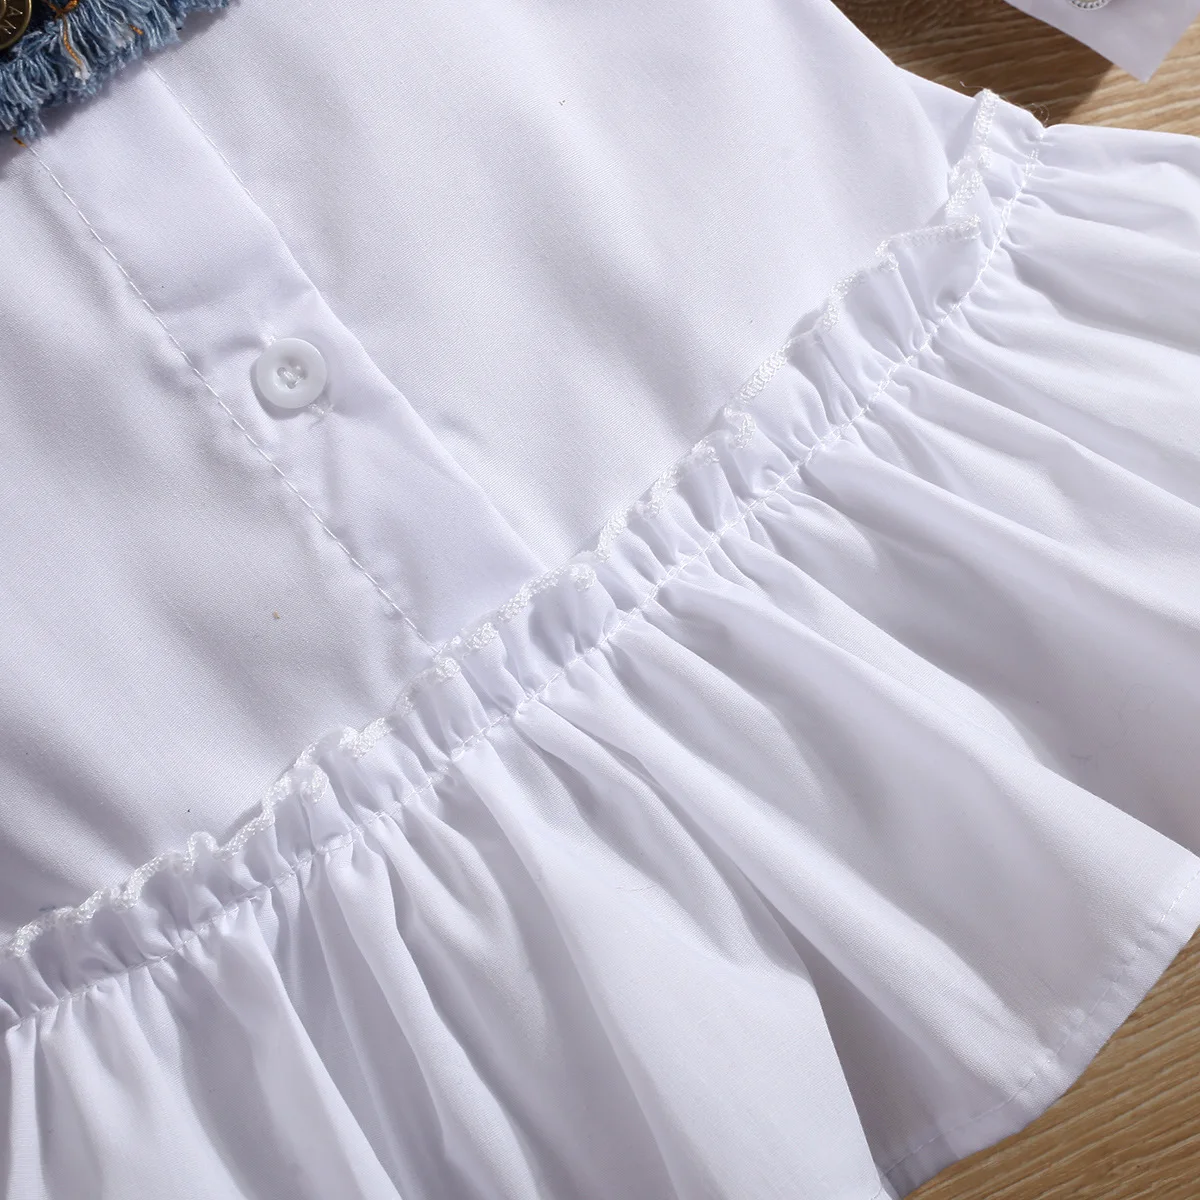 2022 spring summer children's lapel shirt skirt girls ruffles dress denim vest two-piece set girls casual dresses
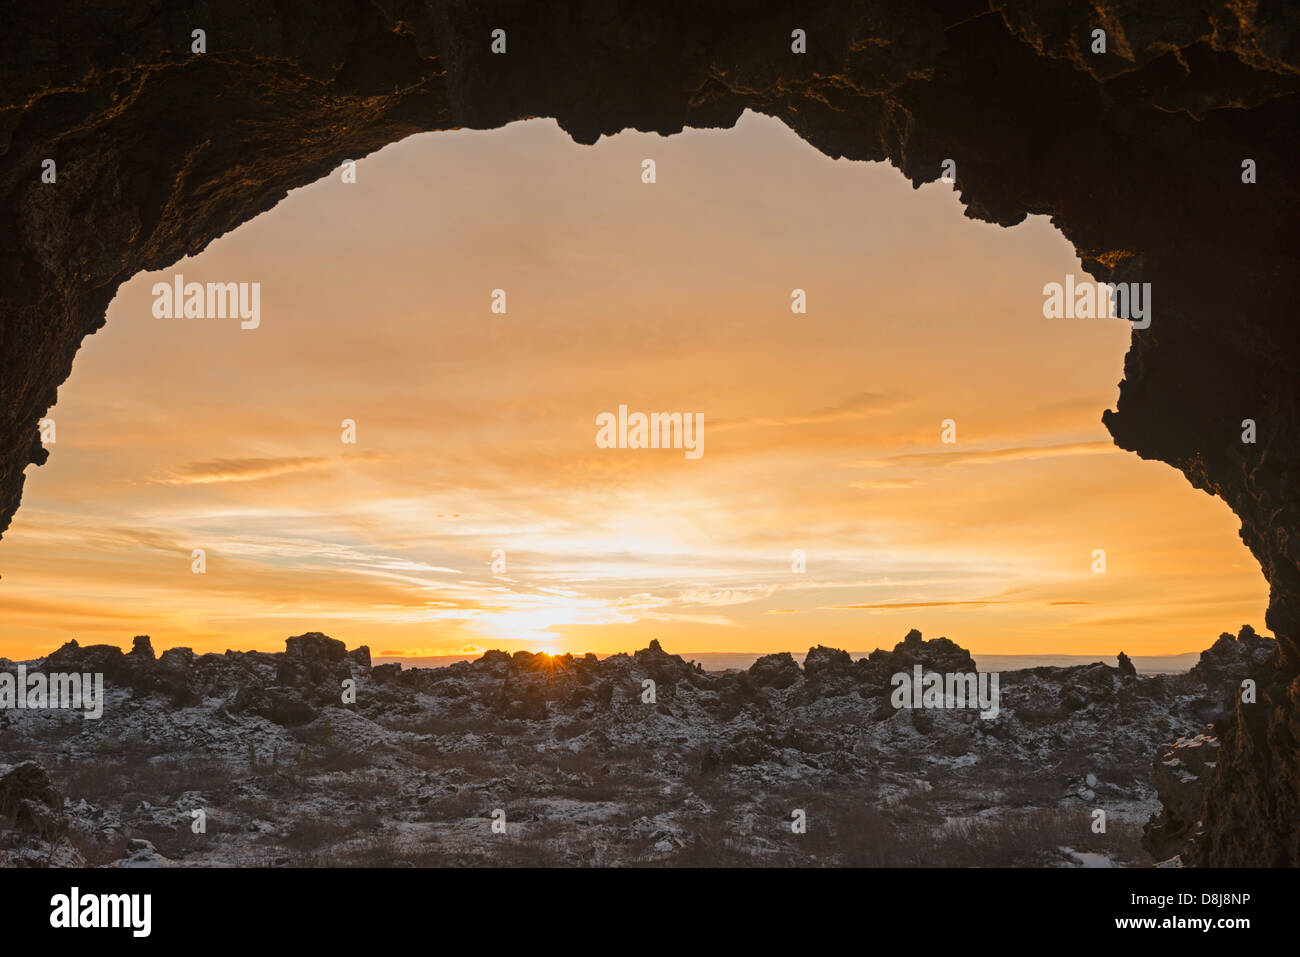 Europe, Iceland, Myvatn, sunset Stock Photo
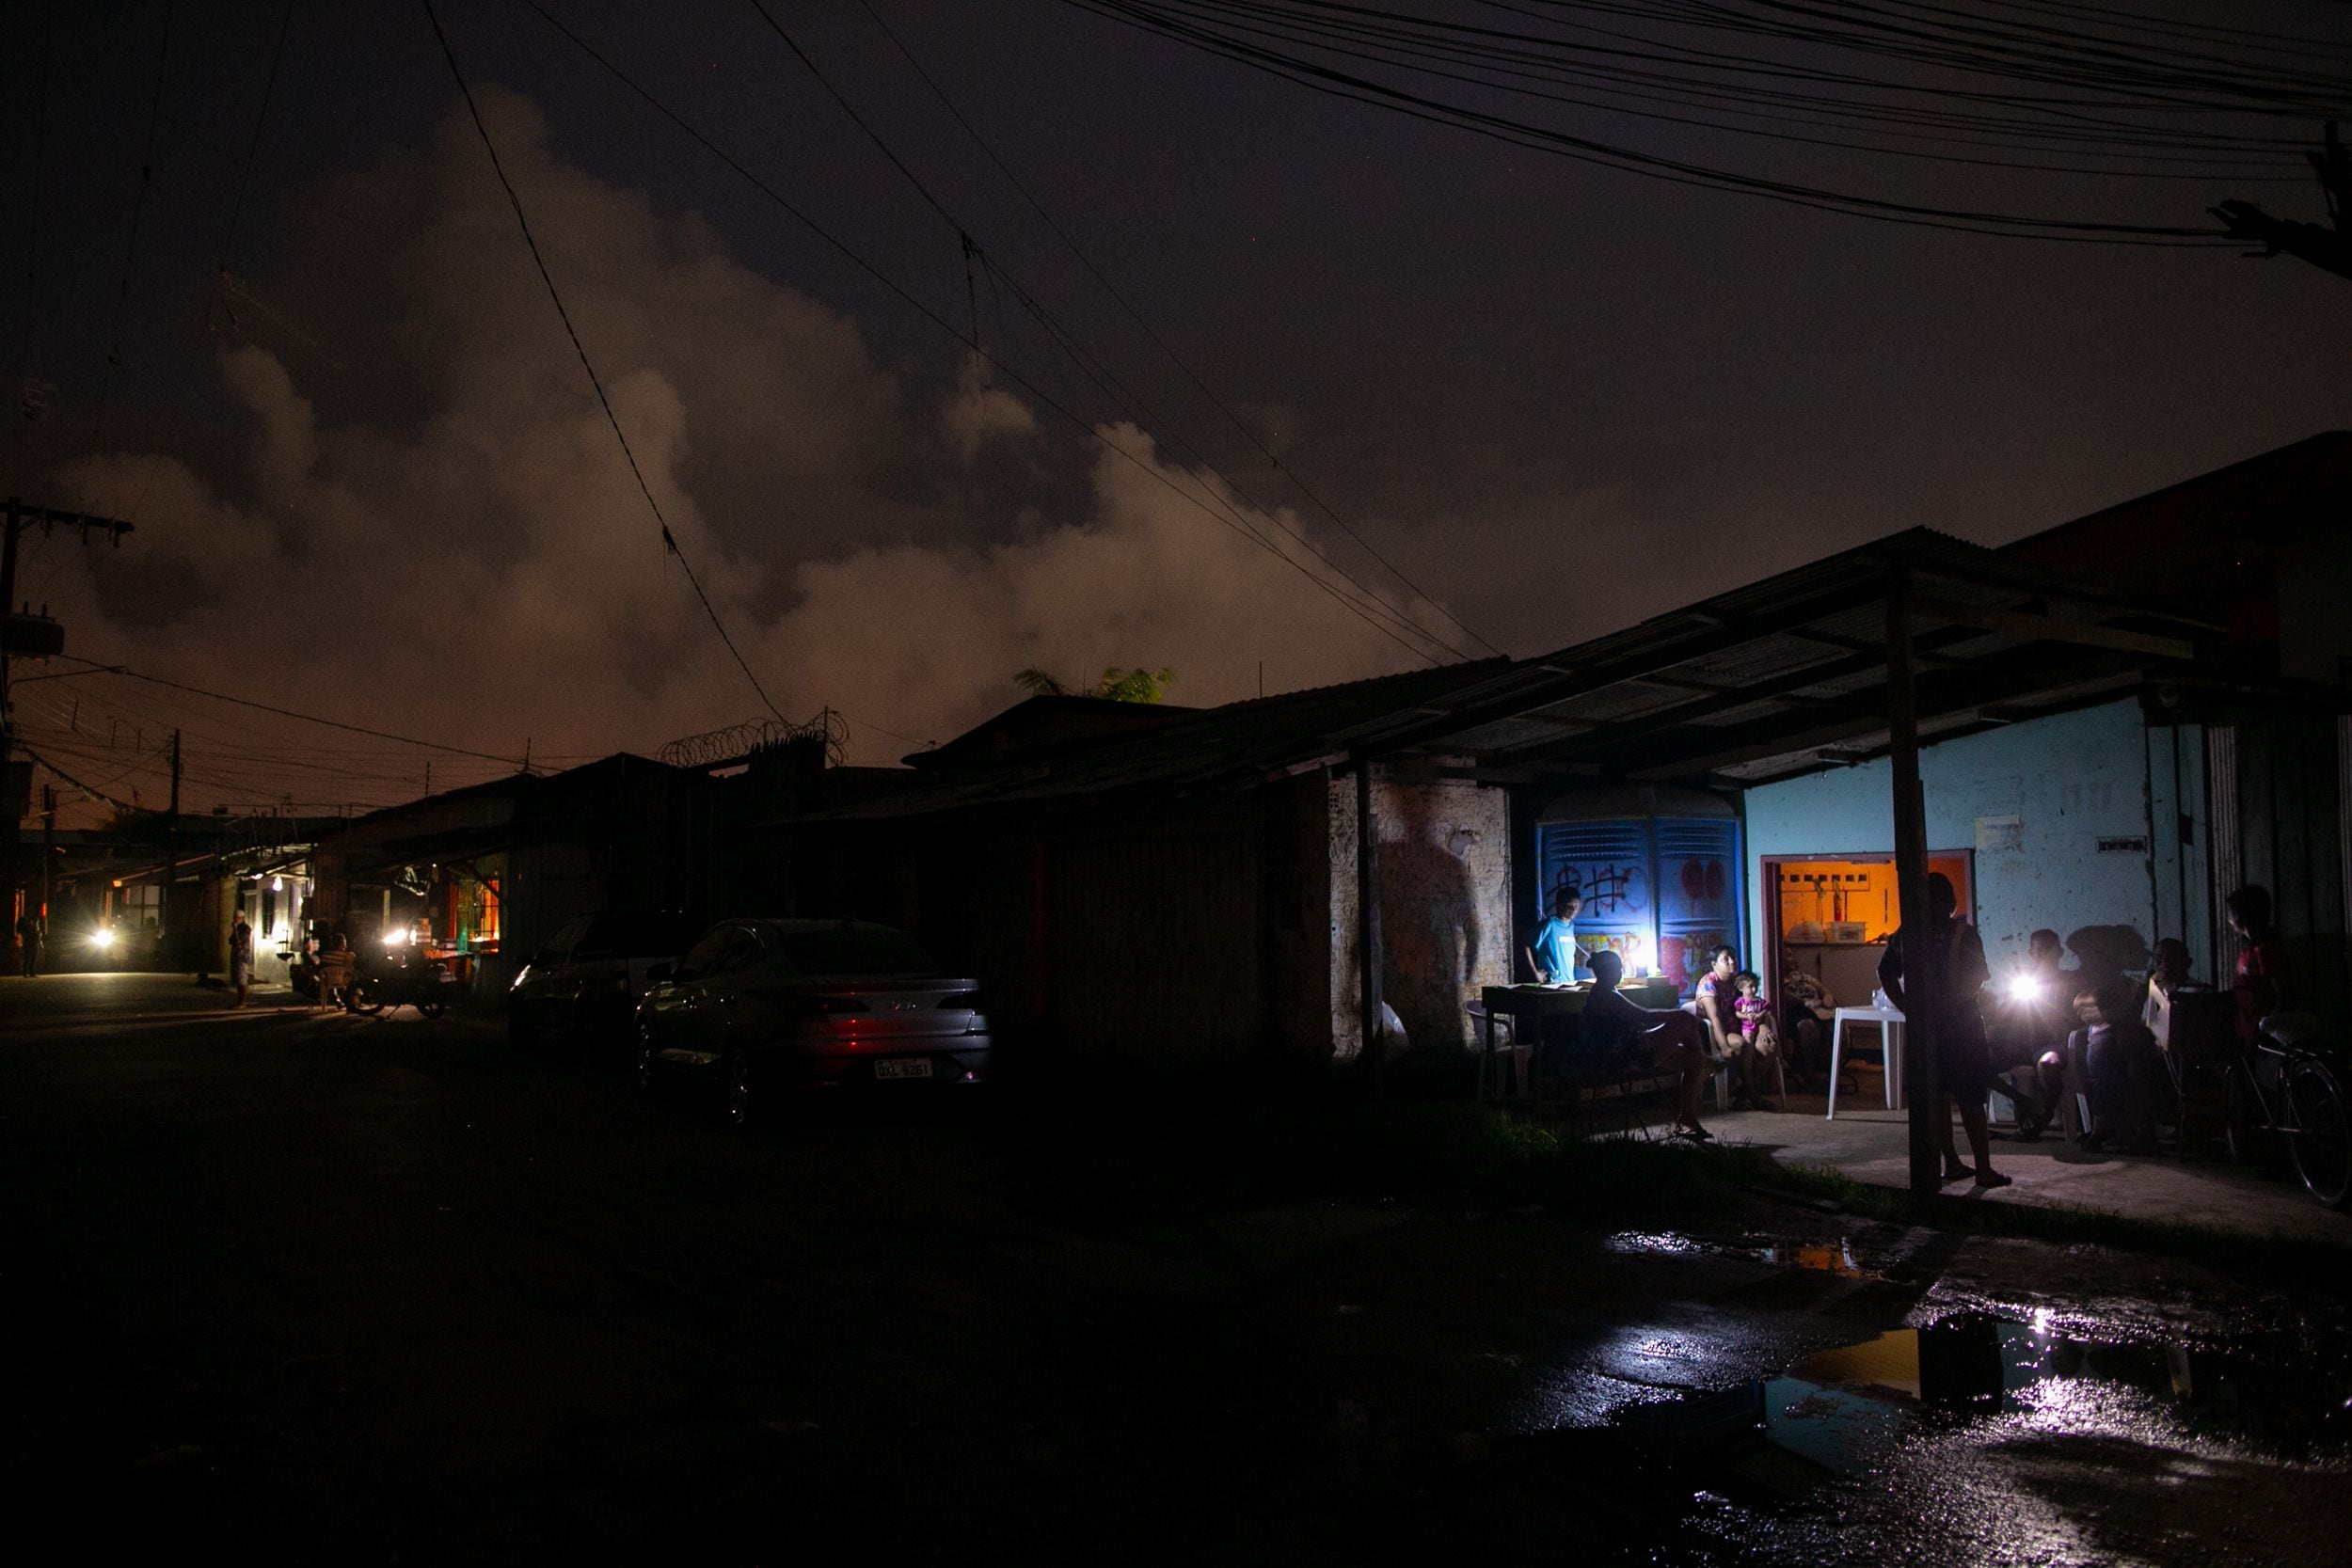 Durante a crise do apagão de energia no estado do Amapá e a pandemia de Coronavirus, moradores da Baixada Pará, em Macapá, se organizam para suprir as necessidades básicas e as demandas da favela.

[What to produce] Each line above should be printed again exactly, though the pictures should not be.

[Response to this task]
 2022 spring summer children's lapel shirt skirt girls ruffles dress denim vest two-piece set girls casual dresses
 Europe, Iceland, Myvatn, sunset Stock Photo
 Durante a crise do apagão de energia no estado do Amapá e a pandemia de Coronavirus, moradores da Baixada Pará, em Macapá, se organizam para suprir as necessidades básicas e as demandas da favela.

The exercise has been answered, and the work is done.